提供默认值,但计算多少树、树根位于何处以及入口RBridge将使用哪些树取决于实现。随着在数据中心网络中使用TRILL的需求不断增加,我们可以在数据中心用例中探索多目标帧的一些特性。为了实现无阻塞数据转发,通常使用胖树结构。图1显示了基于fat树结构的典型数据中心网络。RB1和RB2是聚合交换机,RB11到RB14是访问交换机。通常的做法是将树根配置在聚合交换机上,以实现高效的流量传输。作为接入交换机的所有入口RBridge与所有树根的距离将相等。
+-----+ +-----+
| RB1 | | RB2 |
+-----+ +-----+
/ | \\ / /|\
/ | \ \ / / | \
/ | \ \ / | \-----+
/ | \/ \ | |
/ | /\/ \| |
/ /---+---/ /\ |\ |
/ / | / \ | \ |
/ / | / \ | \ |
/ / | / \ | \ |
+-----+ +-----+ +-----+ +-----+
| RB11| | RB12| | RB13| | RB14|
+-----+ +-----+ +-----+ +-----+
+-----+ +-----+
| RB1 | | RB2 |
+-----+ +-----+
/ | \\ / /|\
/ | \ \ / / | \
/ | \ \ / | \-----+
/ | \/ \ | |
/ | /\/ \| |
/ /---+---/ /\ |\ |
/ / | / \ | \ |
/ / | / \ | \ |
/ / | / \ | \ |
+-----+ +-----+ +-----+ +-----+
| RB11| | RB12| | RB13| | RB14|
+-----+ +-----+ +-----+ +-----+
Figure 1: TRILL Network Based on Fat Tree Structure
图1:基于Fat树结构的TRILL网络
This document uses the terminology from [RFC6325] and [RFC7172], some of which is repeated below for convenience, along with some additional terms listed below:
本文件使用了[RFC6325]和[RFC7172]中的术语,为了方便起见,下面重复了其中一些术语,以及下面列出的一些附加术语:
Campus: The name for a network using the TRILL protocol in the same sense that a "bridged LAN" is the name for a network using bridging. In TRILL, the word "campus" has no academic implication.

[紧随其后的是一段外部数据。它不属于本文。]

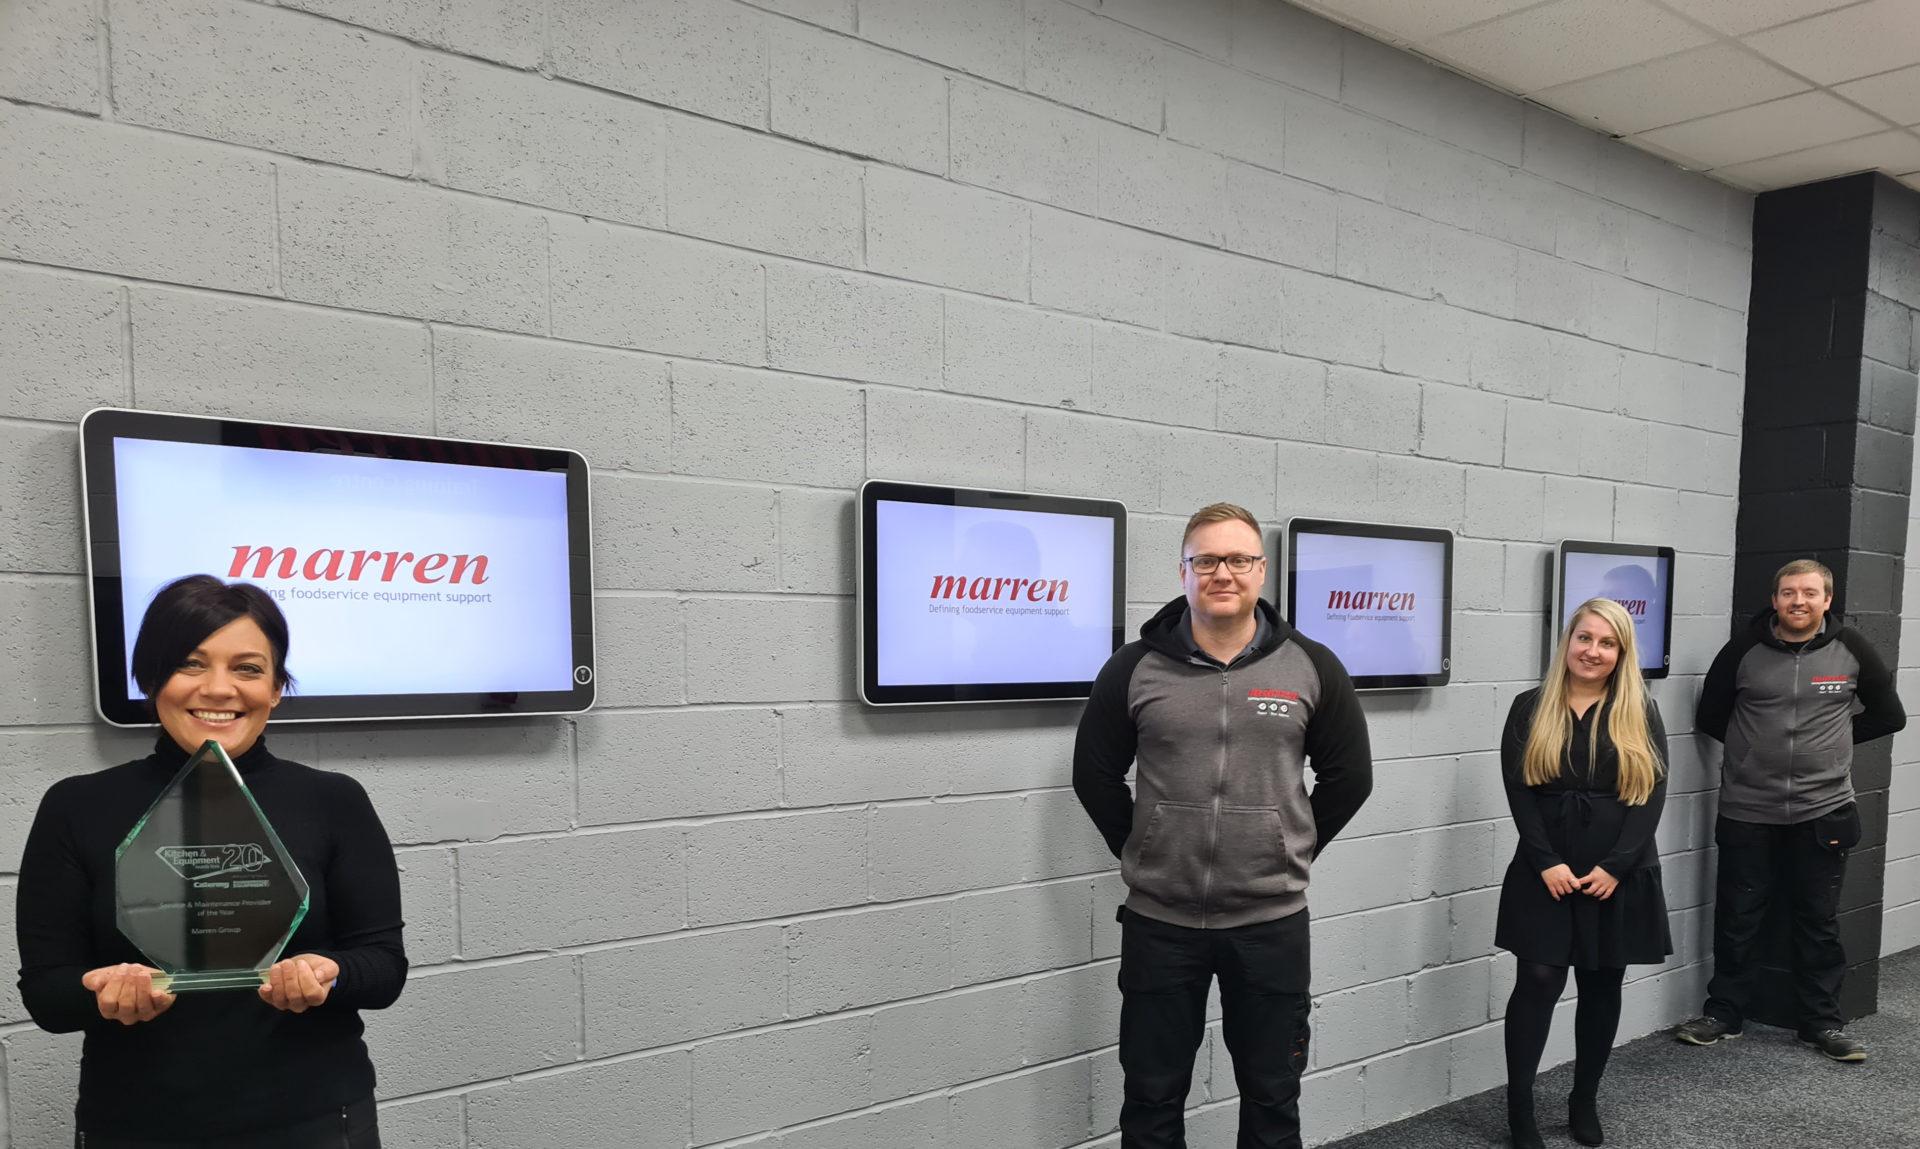 Marren award

校园:使用TRILL协议的网络的名称,其含义与“桥接LAN”是使用桥接的网络的名称相同。在TRILL中,“校园”一词没有学术含义。
Data Label: VLAN or FGL.
数据标签:VLAN或FGL。
ECMP: Equal-Cost Multipath [RFC6325].
ECMP:等成本多路径[RFC6325]。
FGL: Fine-Grained Label [RFC7172].
FGL:细粒度标签[RFC7172]。
Interested Labels sub-TLV: Short for "Interested Labels and Spanning Tree Roots sub-TLV" [RFC7176].
感兴趣标签子TLV:简称“感兴趣标签和生成树根子TLV”[RFC7176]。
Interested VLANs sub-TLV: Short for "Interested VLANs and Spanning Tree Roots sub-TLV" [RFC7176].

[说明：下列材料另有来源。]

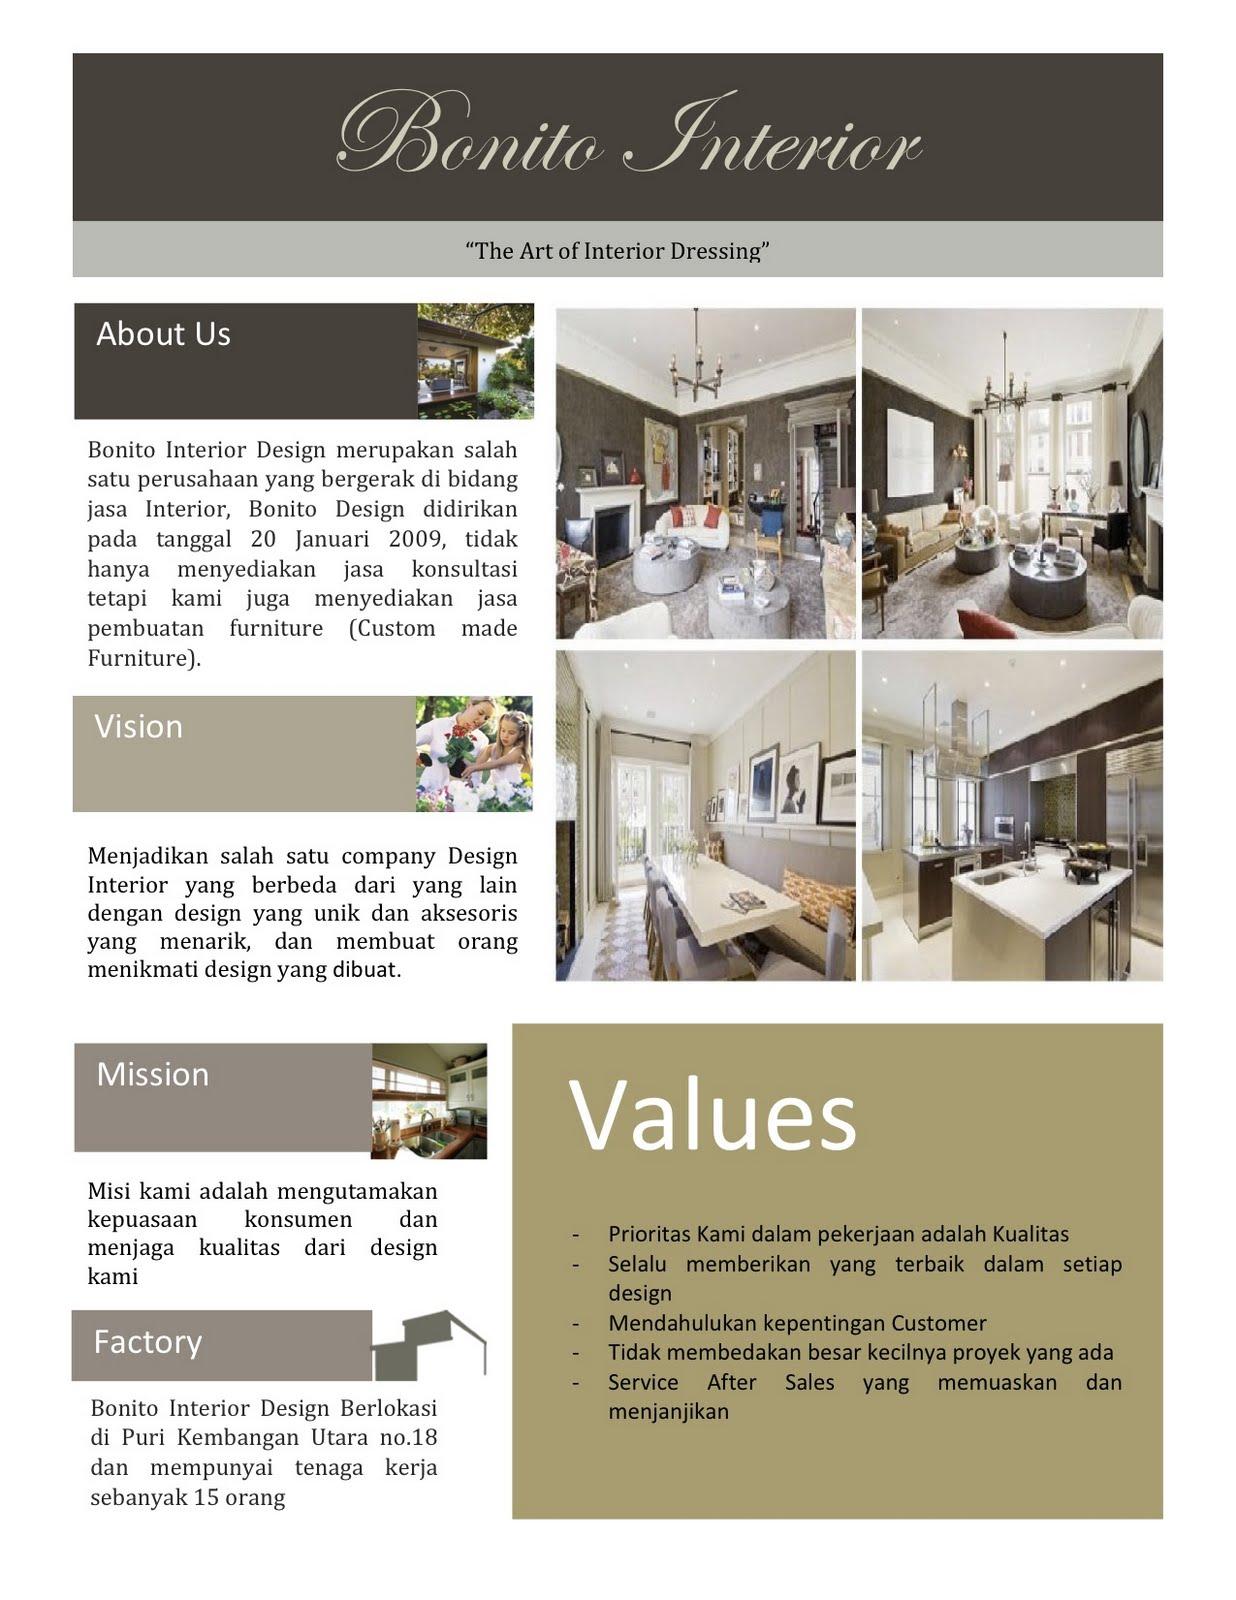 14 Design Client Profile Template Images - Interior Design ...

感兴趣的VLAN子TLV:缩写为“感兴趣的VLAN和生成树根子TLV”[RFC7176]。
IPTV: "Television" (video) over IP.
IPTV:“通过IP的电视”(视频)。
RBridge: An alternative name for a TRILL switch.
RBridge:颤音开关的另一个名称。
RPF: Reverse Path Forwarding.
反向路径转发。
TRILL: Transparent Interconnection of Lots of Links (or Tunneled Routing in the Link Layer).

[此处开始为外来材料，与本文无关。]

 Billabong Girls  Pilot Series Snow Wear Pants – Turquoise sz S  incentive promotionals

TRILL:大量链路的透明互连(或链路层中的隧道路由)。
TRILL switch: A device implementing the TRILL protocol. Sometimes called an RBridge.
颤音开关:实现颤音协议的设备。有时被称为RBridge。
The key words "MUST", "MUST NOT", "REQUIRED", "SHALL", "SHALL NOT", "SHOULD", "SHOULD NOT", "RECOMMENDED", "MAY", and "OPTIONAL" in this document are to be interpreted as described in RFC 2119 [RFC2119].
本文件中的关键词“必须”、“不得”、“要求”、“应”、“不应”、“应”、“不应”、“建议”、“可”和“可选”应按照RFC 2119[RFC2119]中所述进行解释。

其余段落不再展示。